She did the research, wrote, and published The Costa Rica Traveler (new 4th edition, 1997) and the Vancouver Island Traveler. She has edited and published The Panama Traveler by David Dudenhoefer. She is married to Henry Jori, a retired forestry pilot. In 1990 she retired to full-time travel writing and publishing, and now lives on the family farm among the California redwoods.

So what was it about working on the ferry that made you want to leave behind your career as a city planner?

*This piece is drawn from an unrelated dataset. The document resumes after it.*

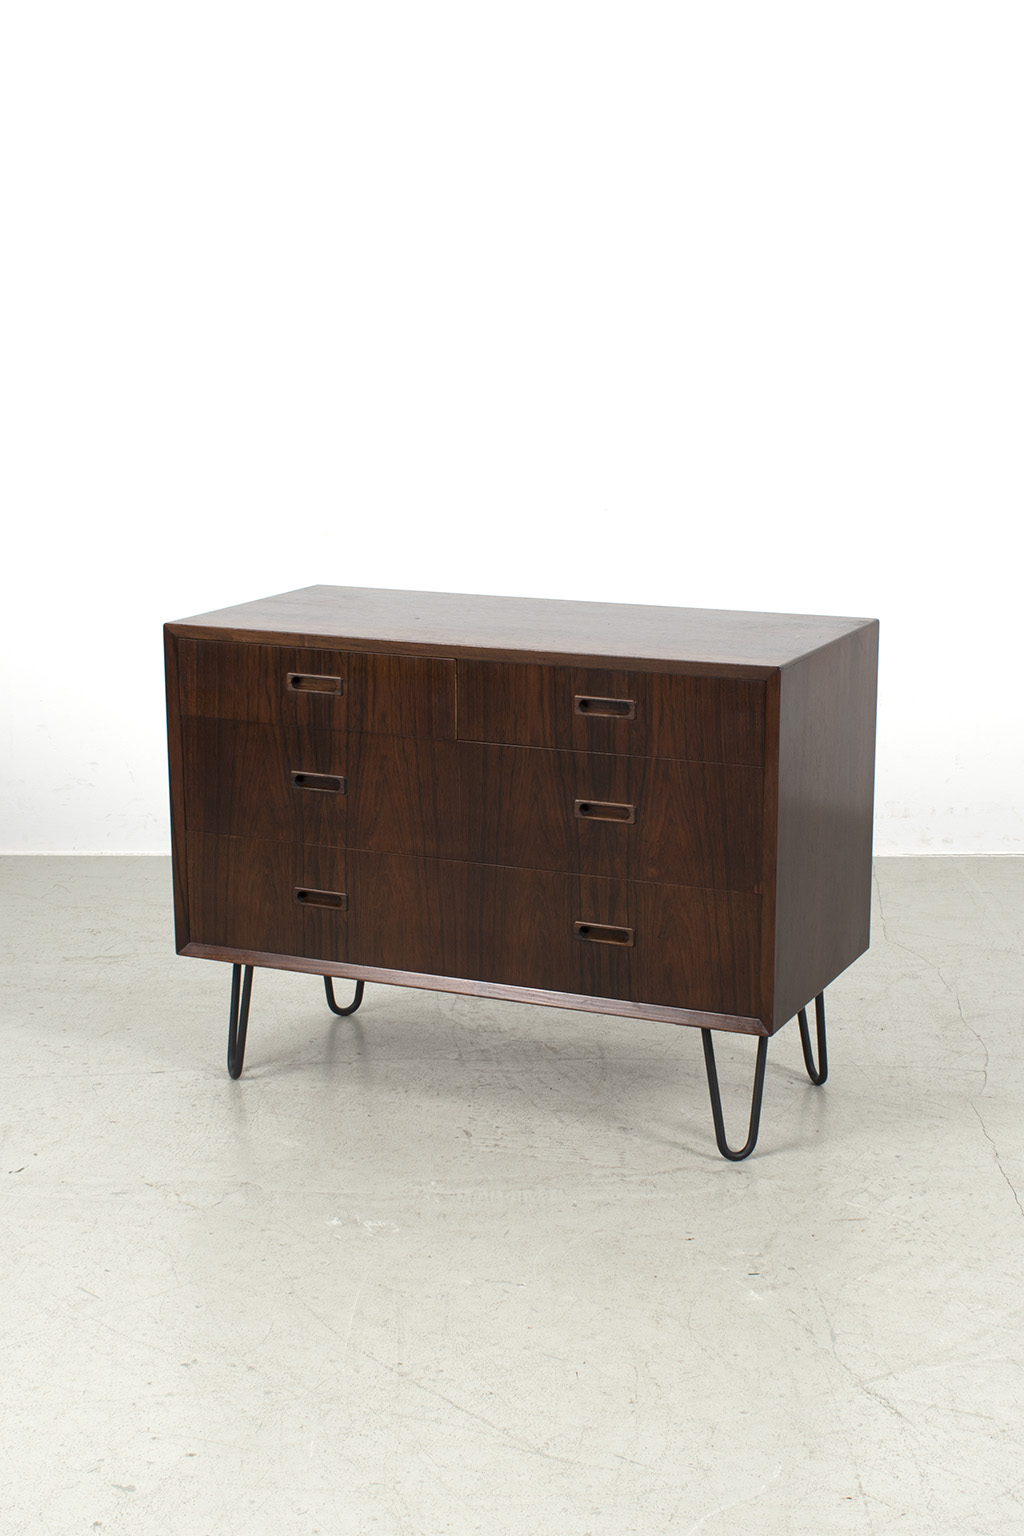 Lyby Møbler rosewood chest of drawers

Well, working on the ferry was fun. It was tough, but it was fun. I really enjoyed doing the nature program for the Forest Service and I realized that the Ferry service needed to provide more information about the system and how to make the most of it. So many riders were just getting on at one end and going through to the other end and missing so many of the things they would have enjoyed if they’d stopped over. So, at the end of the second summer, I told the director of the ferry system that he and the division of tourisim ought to put out a little manual on how to make the most of the system. But the two agencies weren’t really talking to each other much in those days. That’s why I went home and wrote it. The first publisher who attempted to publish it went broke and so I got my manuscript back from the impound warehouse. The second publisher didn’t know how to market it, so I took up marketing it myself and that’s how Windham Bay Press started.

How many people use the Alaska marine highway?

Around 400,000 people a year and 100,000 vehicles ride it. And this can include everything from the little league baseball games, trailer load of dogs and goats and horses going up to the Southeast Fair, frozen halibut and salmon from the cold storage plants up and down Southeast Alaska, whatever needs moving. Even the package mail goes on the ferries and a lot of the fresh groceries. In fact, in Alaska the ferries are considered part of the national highway system.

What percentage of the riders are tourists and what percentage are residents?

In the winter, the majority of them by far are locals, yet I noticed there were quite a few folks who would get on, particularly at Christmas, and ride the ferry for a week up to the end and back again, just enjoying the scenery and the quiet cruise and the un-crowded ship. In the summer, there is a high percentage of tourists. It’s the way that creative tourists can design their own trips. A lot of people bring their RVs, you get whole canoe expeditions or just a couple with a pair of kayaks getting on. You can launch a kayak within fifty yards of every dock in the system. And so people will get on with their kayaks and ride to some port and get off and paddle to the next port or just paddle a tour around the islands in that area and get back on the ferry. To give you an idea of how convoluted the coastline is, there’s one island, Prince of Wales Island, that has over a thousand miles of coastline.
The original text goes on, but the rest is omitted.